Easter Island Culture Seeks To Survive

... Often called the loneliest place on earth, Easter Island [Rapa Nui] is now caught up in the swirling changes of globalization and is on the front line of a broader effort to preserve the world's endangered languages.

Every year, more languages pass into extinction. In the Chilean archipelago north of the Strait of Magellan, the last dozen or so speakers of the Kawesqar Indian language are aged. Inevitably, Kawesqar will join Kunza and Selknam on the list of Chile's dead languages.

... Chileans are currently as free to come to Easter Island as Americans are to move to Hawaii.

"The constitution of Chile is killing my culture and my identity," said Petero Edmunds, the mayor of Hanga Roa and the island's only popularly elected official. "We are a millenarian culture that existed long before Chile did. And the only way to protect that culture is by regulating migration."

It's sad to see a culture on the brink of extinction (particularly Kawesqar, although that's because I personally know more about that culture). But I'm uneasy with the idea that restricting immigration is a good solution. Part of it is the way the logic resembles the arguments against letting Latin American immigrants into the US, for fear they'll dilute our Anglo-Saxon culture (as well as similar arguments against Asian immigration to Australia and Middle Eastern immigration to Europe). One could make a case for drawing a distinction based on the issue of power. Immigrants to the US are relatively powerless. There's an objective sense in which fears of white America being swamped by Latinos are simply incorrect given any reasonable threshold of cultural survival (i.e., unless you demand complete purity). We're in a position to be enriched by immigrants without being swept away. That's not the case for Rapa Nui.
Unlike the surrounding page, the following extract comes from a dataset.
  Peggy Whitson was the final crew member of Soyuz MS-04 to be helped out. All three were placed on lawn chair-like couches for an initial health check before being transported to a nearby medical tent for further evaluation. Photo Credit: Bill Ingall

I'm not convinced that immigration restrictions would solve the problem. The idea is to reduce the cost of maintaining a culture. People are lazy in their use of mental and social resources, and tend to value culture not for its inherent worth (if it even has that), but for its utility -- its usefulness in helping them interact with others and make sense of their own situation. There's a baseline level of cultural competence that's universally cost-effective. When contact with non-Rapa Nui culture was not an option, Rapa Nui culture could be maintained on the basis of that baseline utility that any culture would have. In this sense it didn't matter that the culture was specifically Rapa Nui, just that it was a culture that was compatible with the culture of the other people and the environment that one needed to interact with.
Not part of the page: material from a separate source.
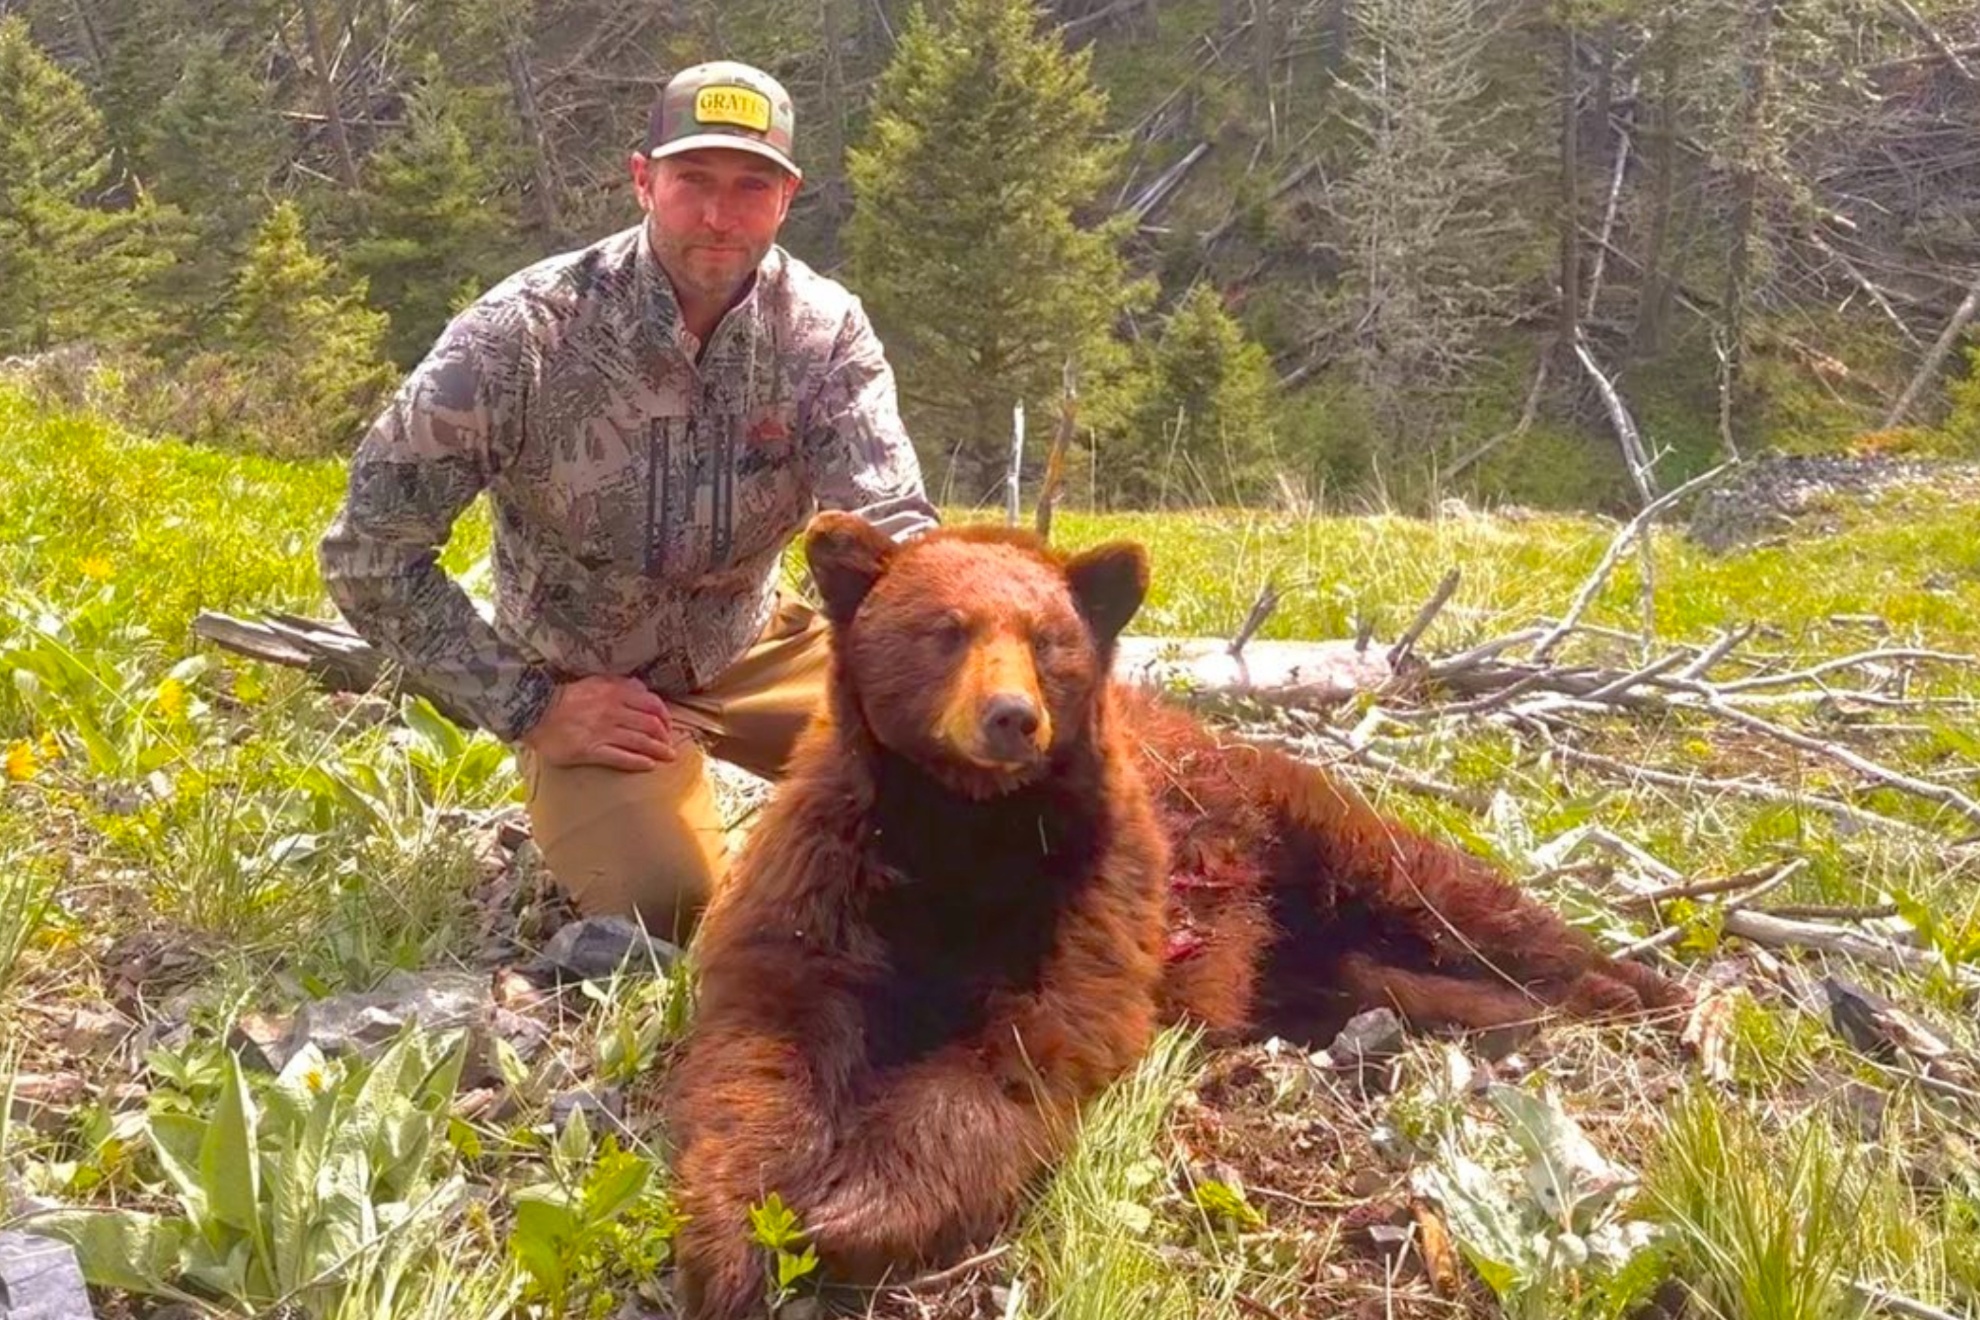 Jay Cutler, the Bears' killer: former NFL quarterback poses with a

Contact with Chileans broadened the compass of people it was possible to interact with. It raised the question of whether there was anything especially worthwhile about Rapa Nui. Either Spanish or Rapa Nui can satisfy the baseline utility of having a culture. Trade, TV, and immigration lower the costs of acquiring a new culture, while offering the benefits that come from an extended compass of social interaction. The more people pick up Spanish so as to be able to take advantage of the interaction with Chile and its products, the more the baseline utility of Rapa Nui is eroded -- if you and your neighbor both learned Spanish so you can speak to Chileans, what do you need Rapa Nui for? It's less taxing on your mental resources to just remember one language, and to speak to everyone in Spanish. And because cultures must be maintained through social interaction, there's a snowball effect from the accumulation of individual choices -- my decision to learn Spanish alters the cost-benefit structure of my friends decision contexts because Spanish now offers them slightly more. Easter Island doesn't have a large enough population vis-a-vis Chile (and certainly not vis-a-vis Latin America) to keep the balance from tilting decisively toward homogenization (in the way that the major European languages kept in balance). Economic modernization also affects the function of culture in connecting people to their environment. The specialized environmental knowledge embodied in a culture becomes less immediately useful as people partake of mass production.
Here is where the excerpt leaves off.